Tylko ze to odbiera sens calej reszty zawartosci gry, bo rownie dobrze mozna wydac osobna gre MOBA, ktora bedzie sie nazywac... GW MOBA. PvP powinno wspolgrac z reszta zawartosci, a nie byc oddzielnym trybem, jakby osobna gra.

WvW - niby wszystko spoko, otwarta mapa PvP - można biegać z gildią, samemu, jak i w randomowych grupach, a jednak jakby czegoś brak. Znaczy ja nie jestem fanem tego trybu, mimo wszystko znam kupę osób, które potrafią raidować to praktycznie codziennie i nie brakuje im rywalizacji Gra jednak tego nie ułatwia - czy jakby to nazwać - no gracz musi dać coś od siebie - znaleźć gildie itp i wtedy faktycznie zobaczy co i jak. Nie jest się prowadzonym za rączkę, co może być też jednym z problemów - dzisiaj ludzie są leniwi - chcą mieć pokazane wszystko co mają robić i tyle. Brak im własnej inicjatywy.

To samo co wyzej. To znow osobny swiat, znow osobny tryb. Troche tak, jakbys wybieral tryby w wyszukiwarce serverow w jakims FPSie. Wojny powinny miec sens, tutaj go nie maja.

Brak rywalizacji nie jest istotny - istnieje wiele gier, w których nie ma jako takiego wyścigu, a mimo to są dobre. Idealnym przykładem może być właśnie prequel - GW. Rywalizacja była w HA (PvP) i w miastach na skiny.

Oczywiscie ze tak, ale uwazam, ze jesli mowa o GW2, to przy tej calej otwartosci i mozliwosciach, gra powinna pojsc wlasnie w te strone. GW1 mial jeden problem (choc dla mnie to zaleta i to nadalo grze klimatu) - zamkniety swiat, ktory byl podzielony na male lokacje. No i ich tunelowosc. Wlasnie z tego wzgledu takie rozwiazania, jakie wypisales, dobrze sie spisaly w tym tytule.

Problem leży w nagradzaniu - w GW2 nie jesteś nagradzany za granie

Nie gralem w to tyle co ty, ale racja jest, ze nie czulem sie nagradzany, czegokolwiek bym nie robil. To dlatego, ze wszyscy sa rownani caly czas do tego samego poziomu.

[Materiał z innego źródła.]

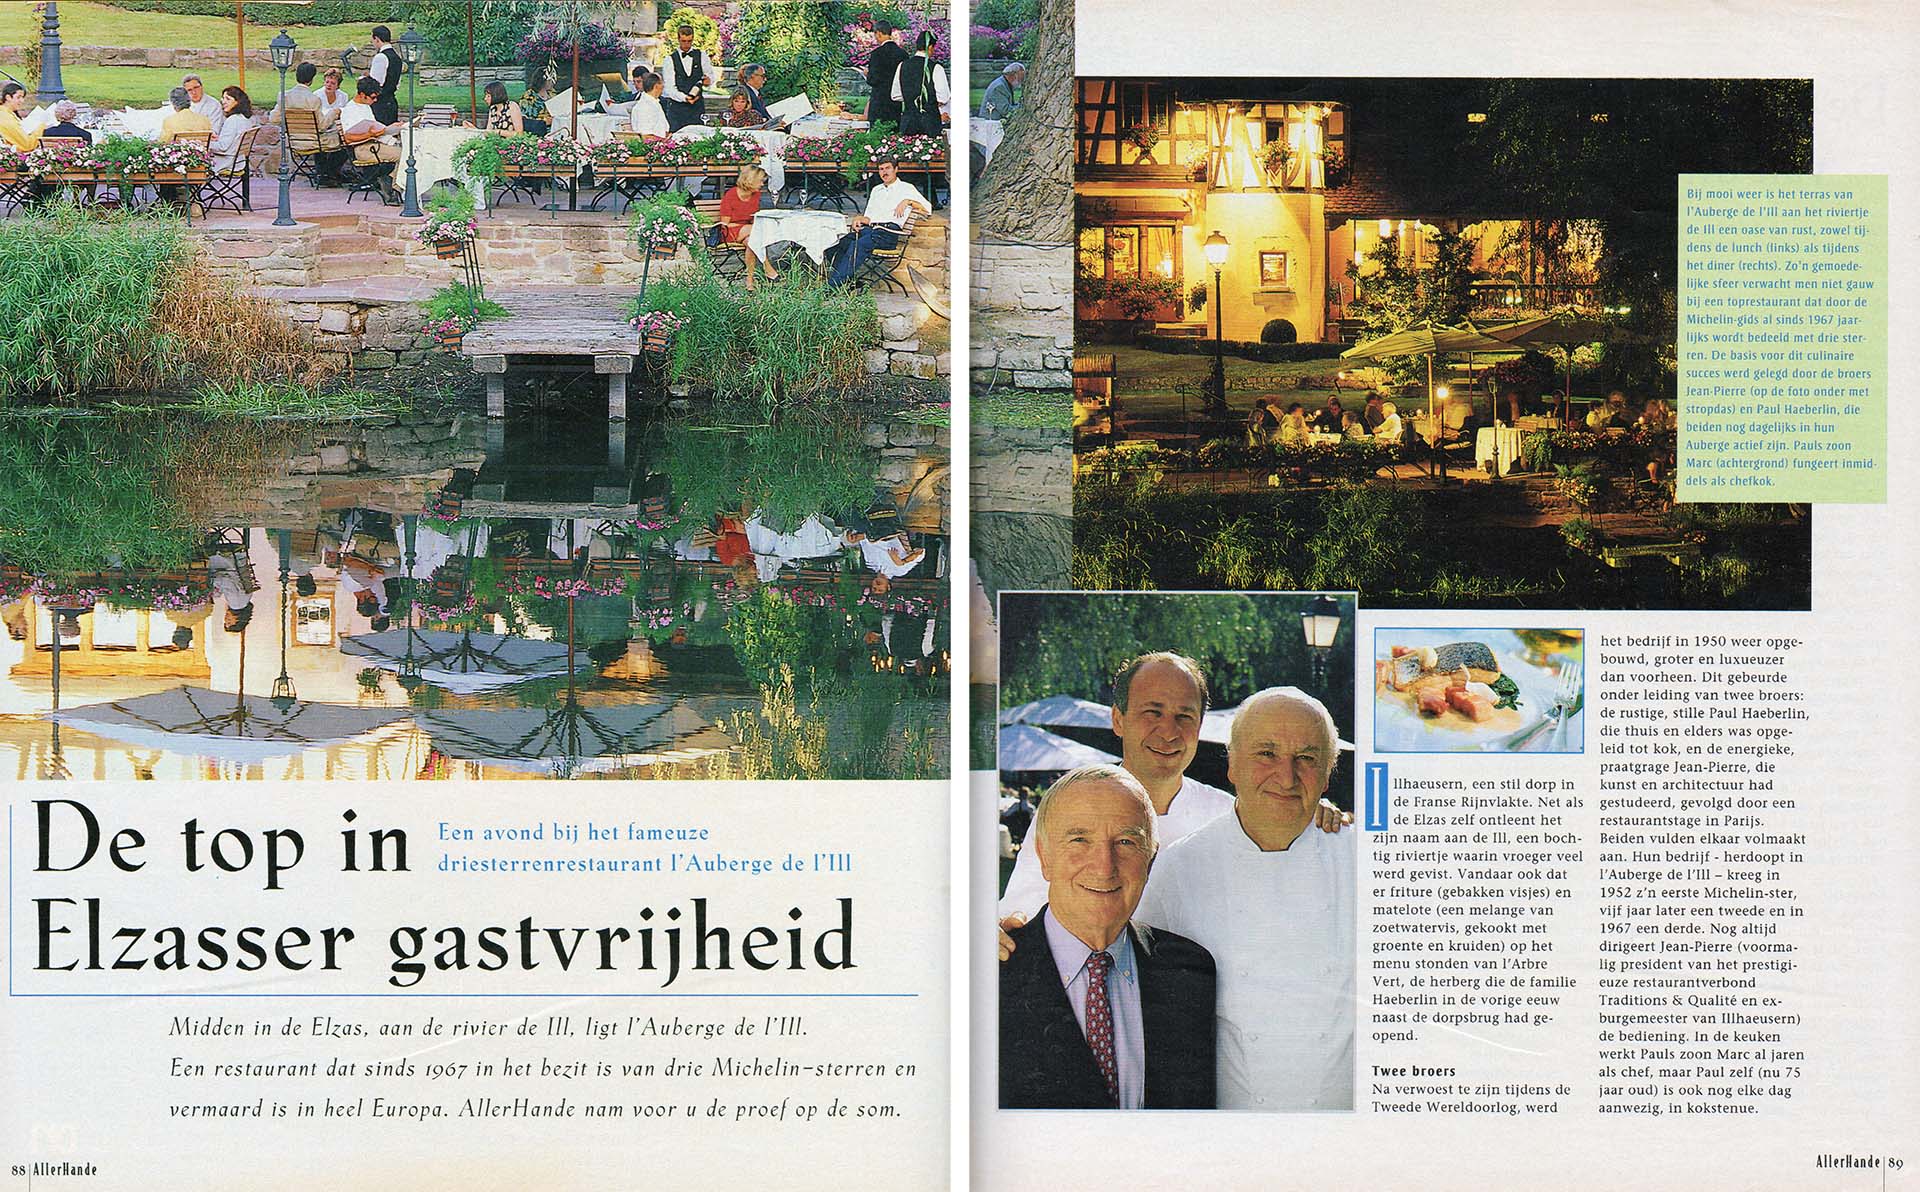 Publicatie in AllerHande over driesterrenrestaurant restaurant in Elzas.

Lewacka gra xD

No i tak mysle, ze przeciez najlepsza nagroda by bylo takie zdobycie terytorium kontrolowanego przez znienawidzona gildie, co nie? Przejecie wplywow, itp. To buduje comjuniti. Sympatie, antypatie, wojny, itp.

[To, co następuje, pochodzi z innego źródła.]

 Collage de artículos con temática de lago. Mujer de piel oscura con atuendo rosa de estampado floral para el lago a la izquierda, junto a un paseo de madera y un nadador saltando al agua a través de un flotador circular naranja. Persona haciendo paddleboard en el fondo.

Loor, bądź tak miły i nim się wypowiesz na temat mojej gry w GW2, przewiń na początek tego tematu. Kiedy miałem 400h, to myślałem o tej grze w samych superlatywach - ale to było 2 lata temu.

I z tym Bound on Use to chyba też kawał - wszystkie Ascendedy, unikatowe minisy (np za zwycięstwo w 1szym sezonie WvW) itp. są account bound.

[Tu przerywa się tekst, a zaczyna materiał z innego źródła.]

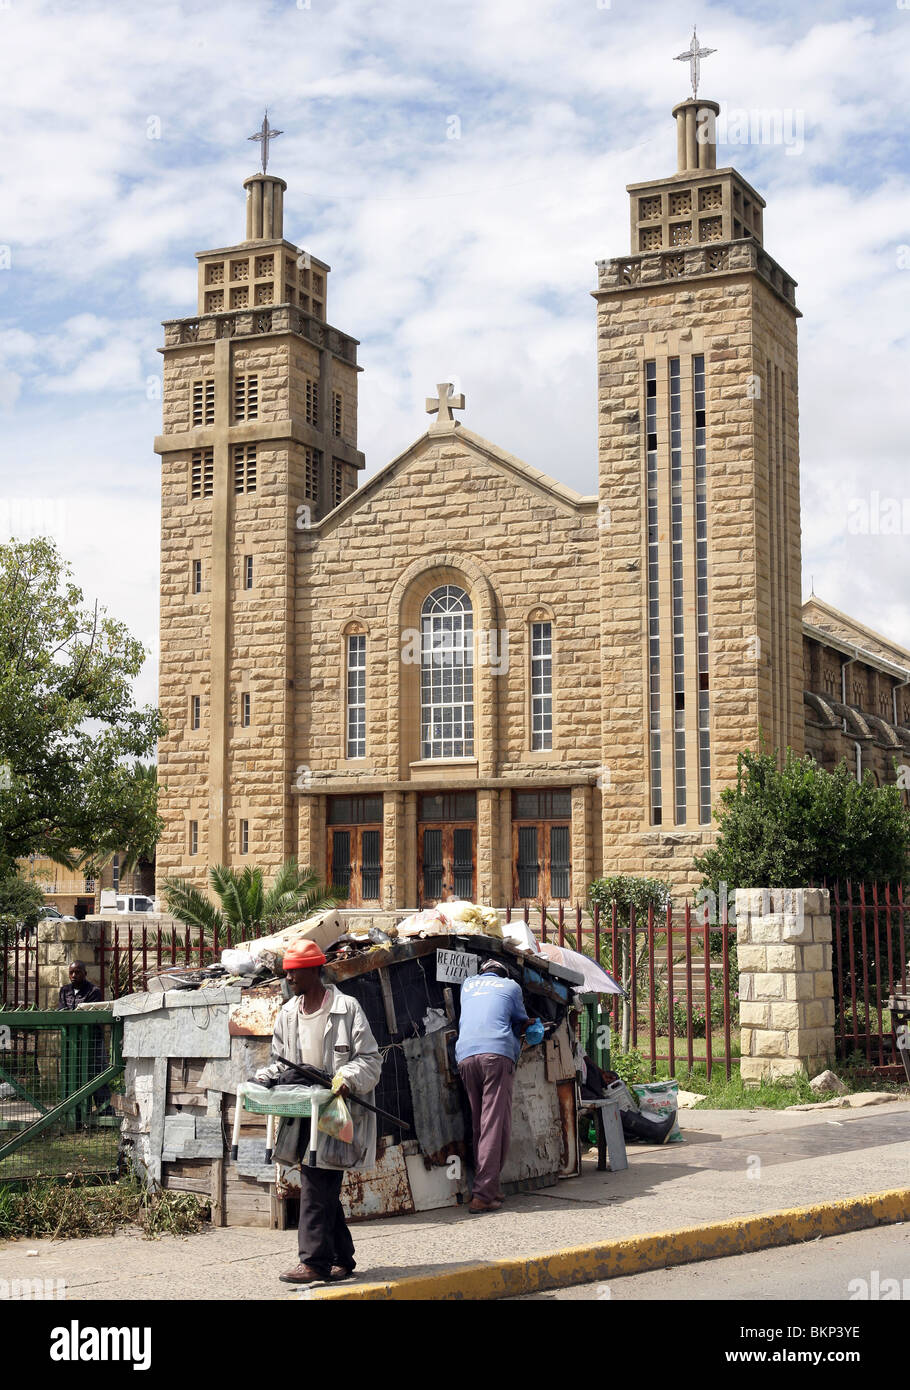 Cathédrale catholique romaine à Maseru, capitale du Lesotho Banque D'Images

Zrozum też różnicę między buildem postaci, a setupem teamu. Już sam fakt, jak napisałeś, że są 2/3 buildy na klasę ogranicza liczbę skutecznych setupów do bardzo małej ilości. I nie OP, a skuteczne.

No i sam sobie przeczysz: w gw samemu robisz swój build, ale tylko 2/3 stworzone na necie działają.

Wygra ten, który ma build prosa z neta. Bo nikt nie idzie na turniej czyimś buildem, nie ucząc się nim grać przez 100 meczy.

No i słowo klucz - dodatki. Gra ma już prawie 3lata. Jest jeden. Zapowiedziany. Może.

I jeszcze słowo podsumowania apropo nagradzania - w GW co rok dostawałeś minisa/tonic. Każdy był coś warty, czasami się usuwało postacie i zakładało nowe, aby farmić minisy.

W GW2 dostałeś Mini Jennah, booster i scroll do podbicia levela do 20.

Dzz, przejmowanie terytorium niekoniecznie jest tym, czego ta gra potrzebuje. Na razie niech dadzą GvG i Guild Halls. Potem możemy o tym porozmawiać.

Ja mini Jennah też dostałem, a nie grałem ponad pół roku. Zdziwiłem się jak wbiłem po dłuższej przerwie i bum coś mam.

@up

Mini Jennah sie dostaje na pierwsze urodziny naszej postaci. To w sumie trochę głupie, bo mm ich kilka.

To aż tak głupie nie było, bo możesz sobie teraz otworzyć mini harem.

Za to kompletną głupotą było dawanie scrolla na 20lvl na drugie urodziny postaci.